Structure magazine recently posed the question, “Can using more wood reduce your environmental footprint?” The magazine explores why it’s important for designers to focus on which materials they will use, as well as the life cycle of those materials.

For example: “Some people might think that recycled products are automatically preferable even though they may require a large amount of energy to produce and transport, and the alternate choice may be wood from a local, sustainably managed forest. It isn’t that you shouldn’t use recycled materials, just that other considerations may weigh more heavily on the product’s life cycle environmental impacts, depending on the situation. It’s important for designers to be able to assess the impacts of their choices.”

Olympic Oval.
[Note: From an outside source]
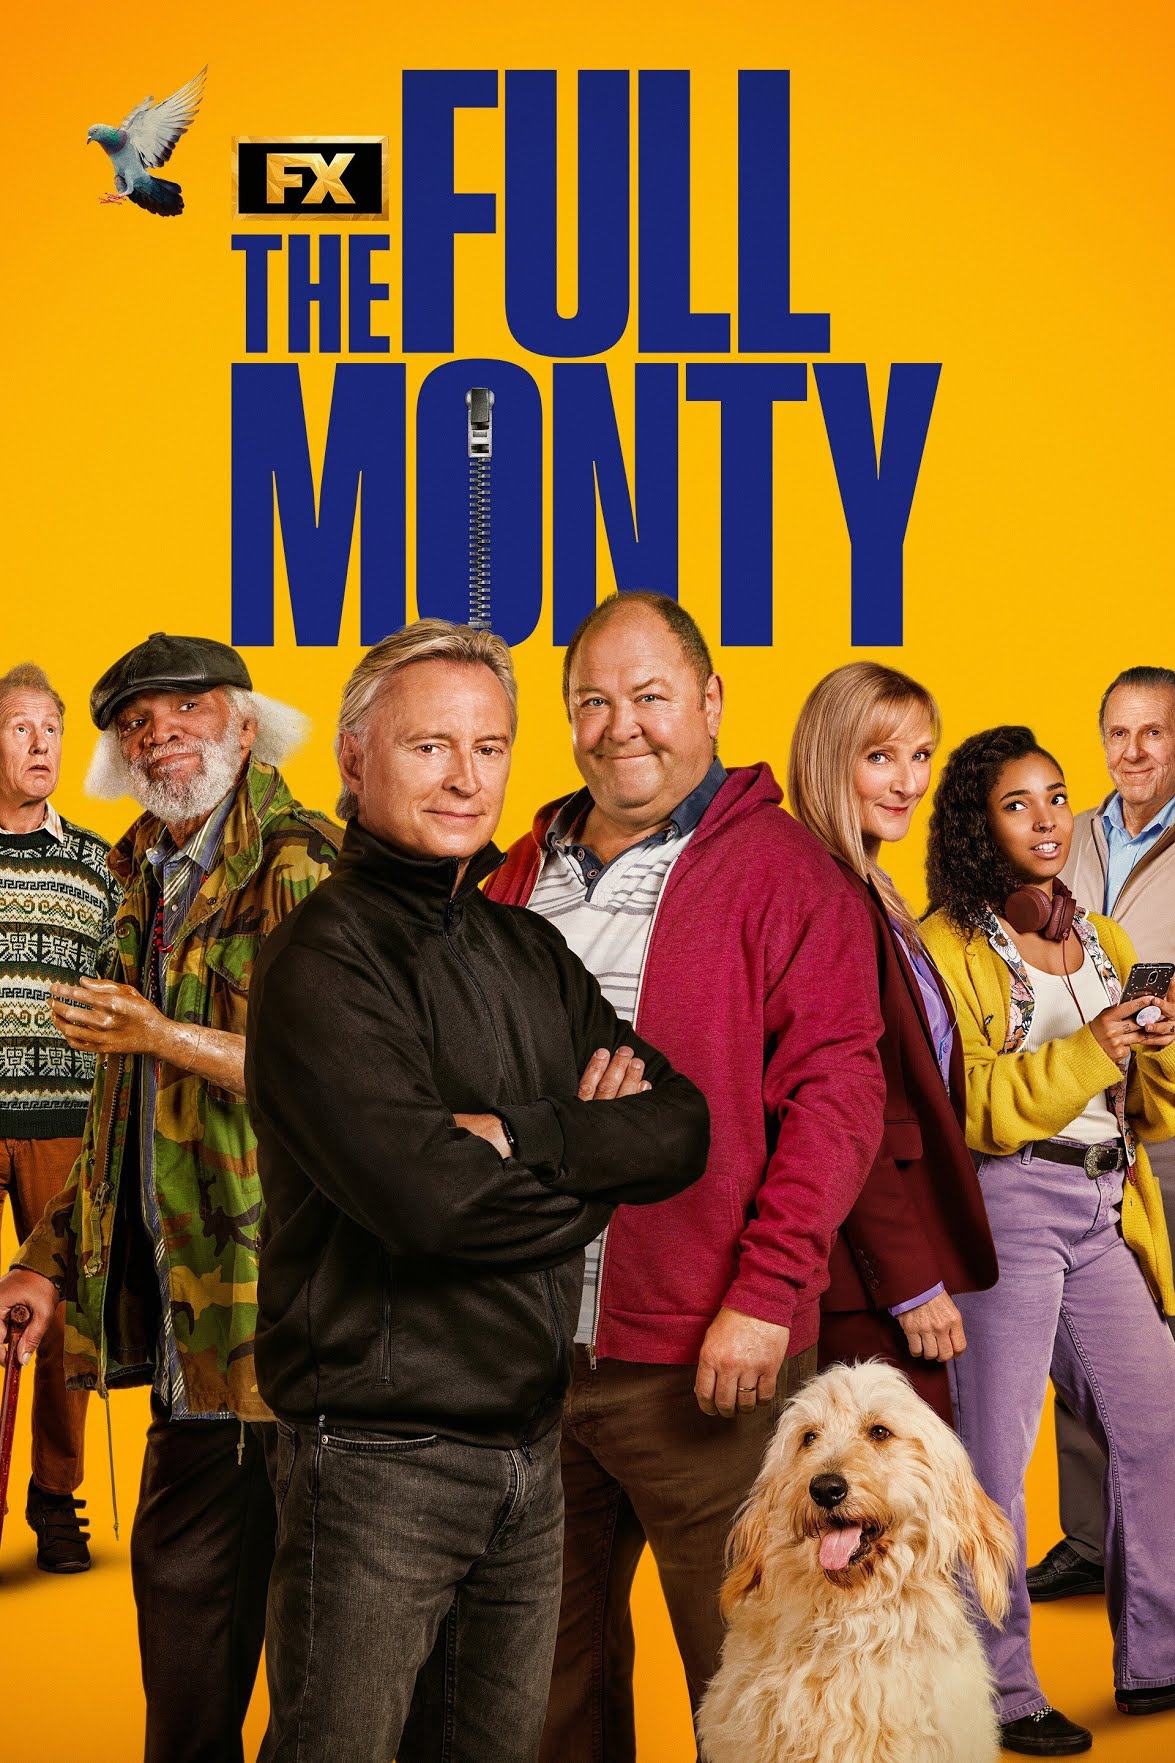 سریال اشتیاق کامل The Full Monty

Courtesy of FII. Via structuremag.org.

Also important to keep in mind: Wood is made using the sun’s energy, so “greenhouse gas emissions are also avoided when wood is used in place of materials which require large amounts of fossil fuels to manufacture,” writes Structure magazine’s Roxane Ward.

Here’s a good case-in-point example. “The 2010 Olympic Speed Skating Oval in British Columbia, which has a six-acre free-spanning wood roof, includes almost 135,000 cubic feet of wood, stores an estimated 2,940 metric tons of CO2 and is responsible for avoided emissions of another 8,820 metric tons of CO2.”